I have seen many question of the same nature, but, I am still confused: some say use Groupby, some propose the use of map or flatmap. Not sure what to try.

Input: A PySpark DF with date, term, brand, text column. Expected output: A list of filtered dfs [df1, df2, ...]

In Python, the code looks like this (df is a big dataframe, has about 10000 records):

filtered_df_list = []

for term in term_list:
  for br in brand_list:
    for dt in date_list:
      tcd_df = df.filter( (df.term == term) & (df.brand == brand) & (df.date == dt) )
      if len(tcd_df.index) > 0:
        filtered_df_list.append(tcd_df)

Also, can I create a dataframe out of term, brand and date lists and do a 'withColumn' to create a new column that will have the filtered dfs? I am not sure. A starter code for parallelizing this will be helpful.

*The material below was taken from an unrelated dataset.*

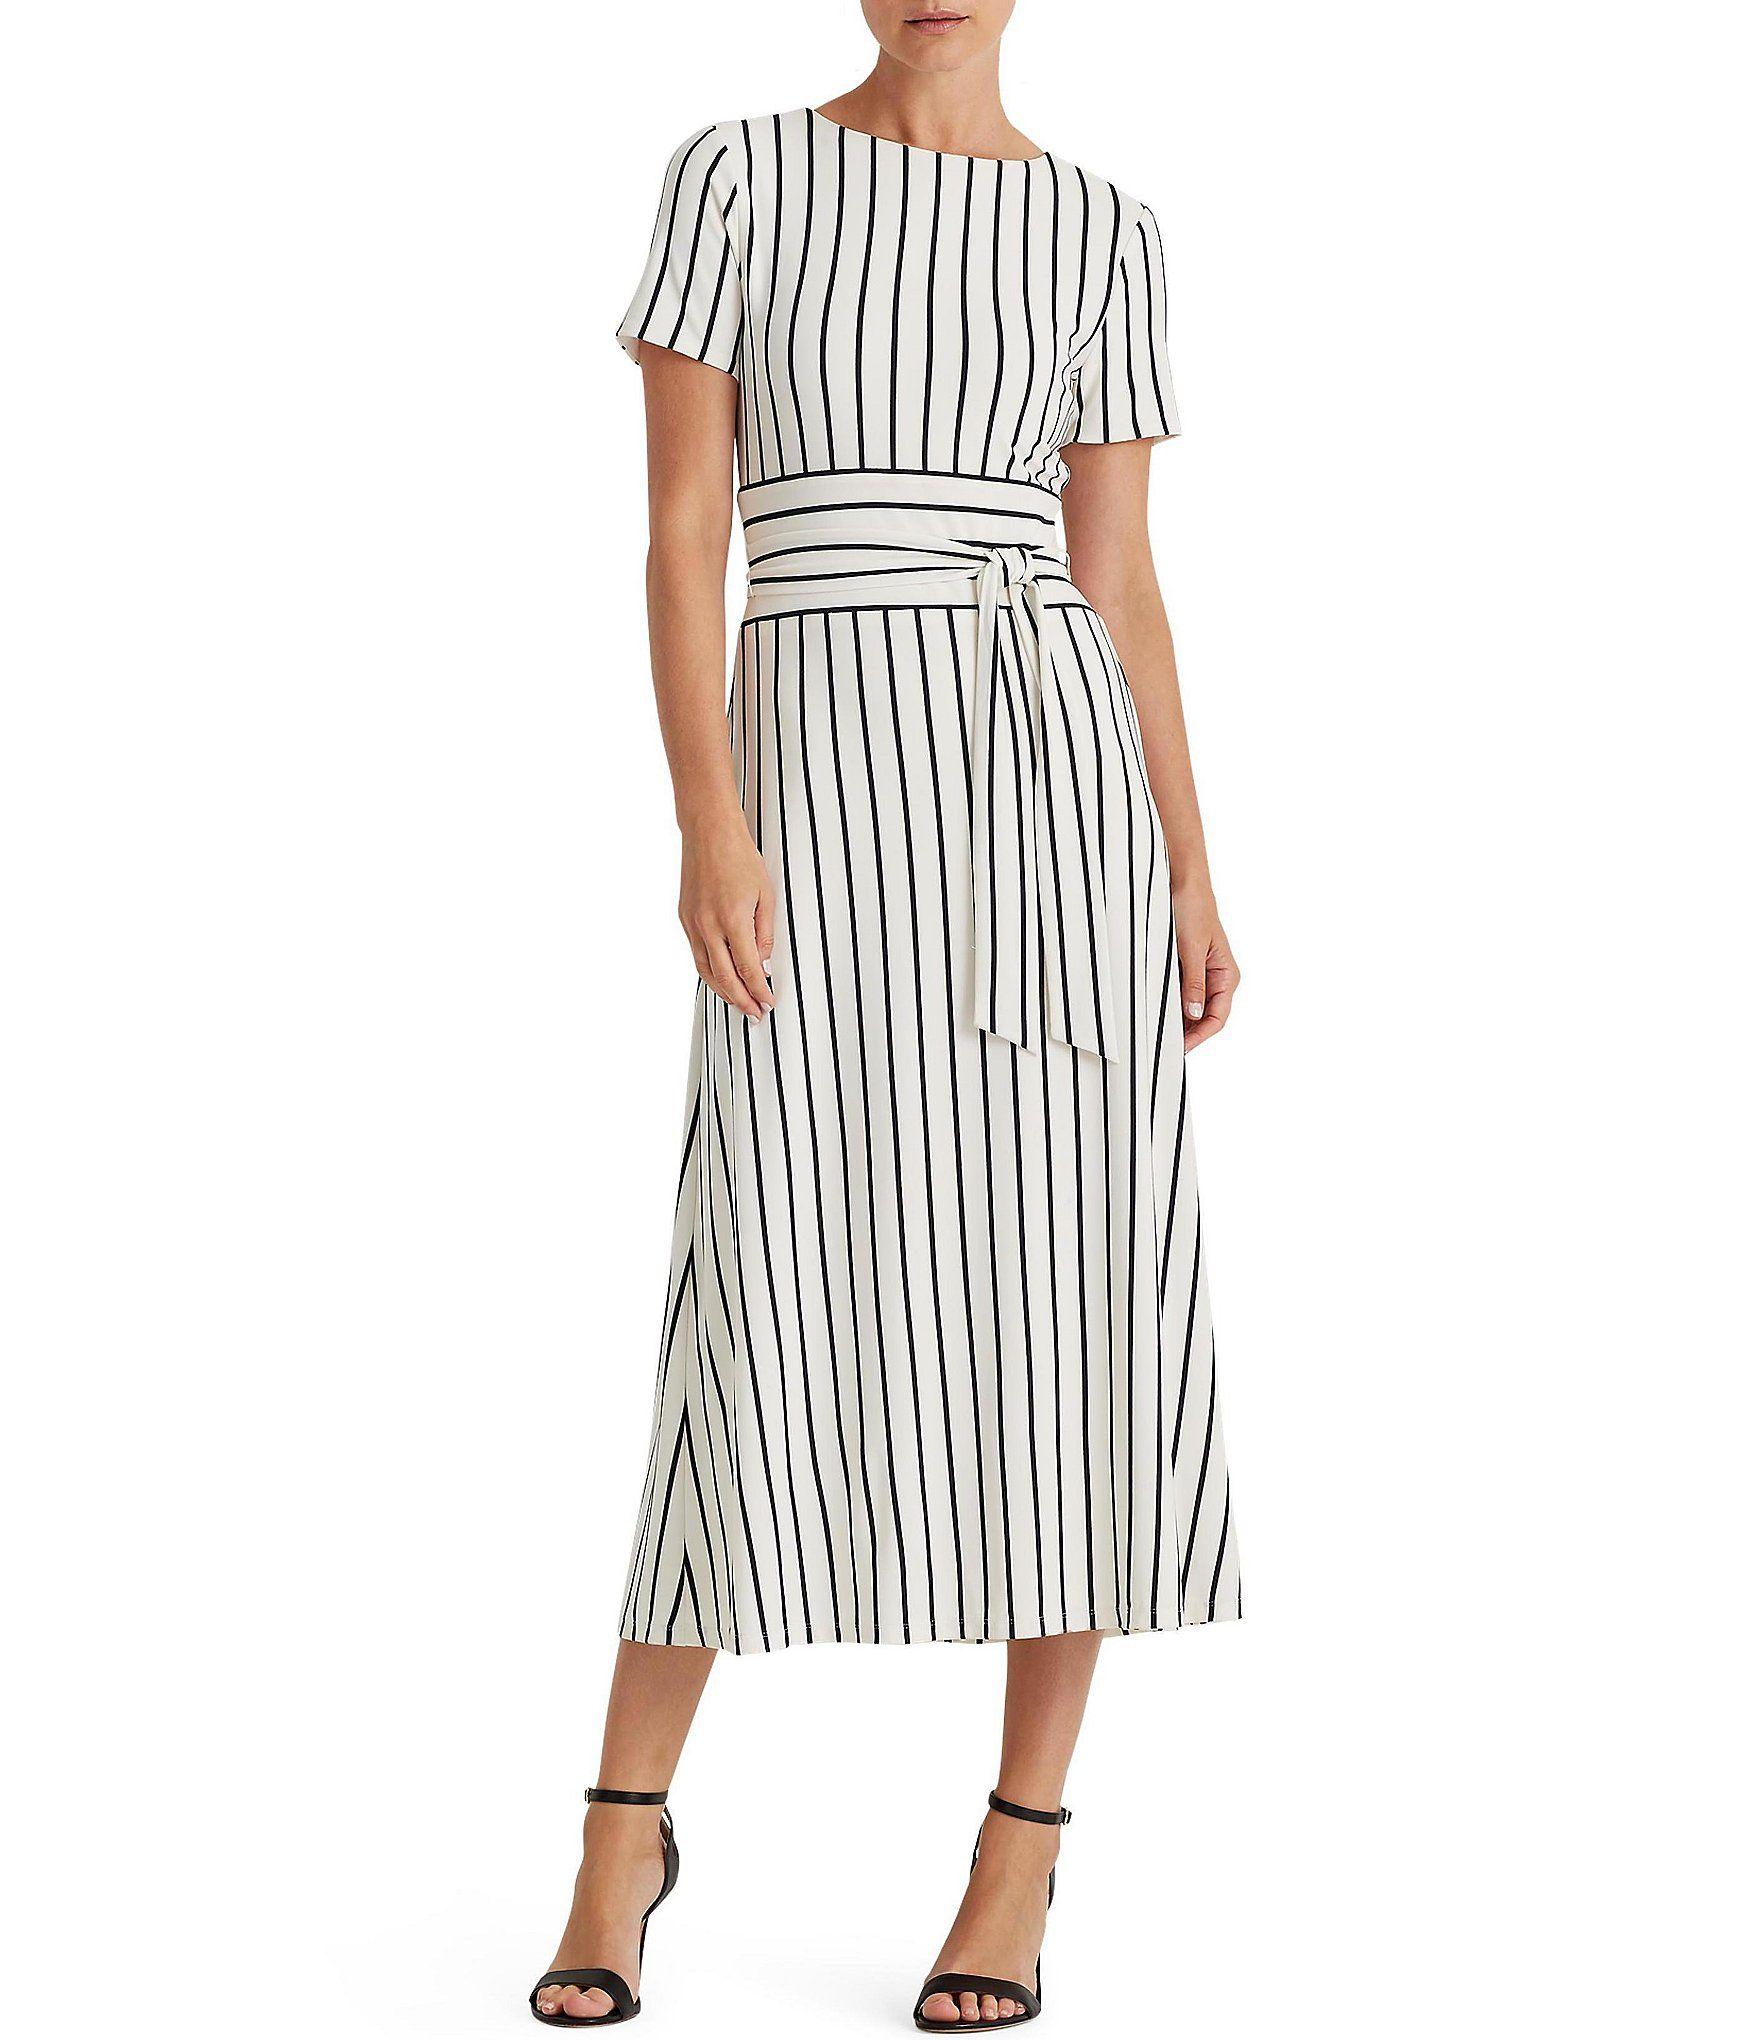 Lauren Ralph Lauren Kristie Stripe Print Matte Jersey Short Sleeve Tie Waist Dress | Dillard's

Update: This is what I tried and it looks like worker nodes are trying to do the filtering with the sparkContext that is not allowed.

rdd2 = df.rdd.map(lambda row: (
    row["date"], row["brand"], row["term"], row["text"],
    df.filter((df.brand == row["brand"]) & (df.term == row["term"]) & (df.date == row["date"]))
))

print("\n\nAfter loop")
df2 = rdd2.toDF(["date", "brand", "term", "text"])
df2.show()

Error (more or less I expected this): _pickle.PicklingError: Could not serialize object: RuntimeError: It appears that you are attempting to reference SparkContext from a broadcast variable, action, or transformation. SparkContext can only be used on the driver, not in code that it run on workers. For more information, see SPARK-5063.


Solution

  • Here's a suggestion for the concatenation part:

    df.groupby("date", "brand", "term").agg(
        f.concat_ws(":", f.collect_list(df.text))
    )
    

    This will give you a df, with one row per "date", "brand", "term" combination, with all the text concatenated (replace ":" with " " if you don't want a separator).

    If you want to split them into different dfs I recommend writing them down to a partitioned parquet folder, and using the concatenation of "date", "brand", "term" as your partition column.

    Writing will save your data (gives you data for debug) and will allow you to do your text summarization simultaneously.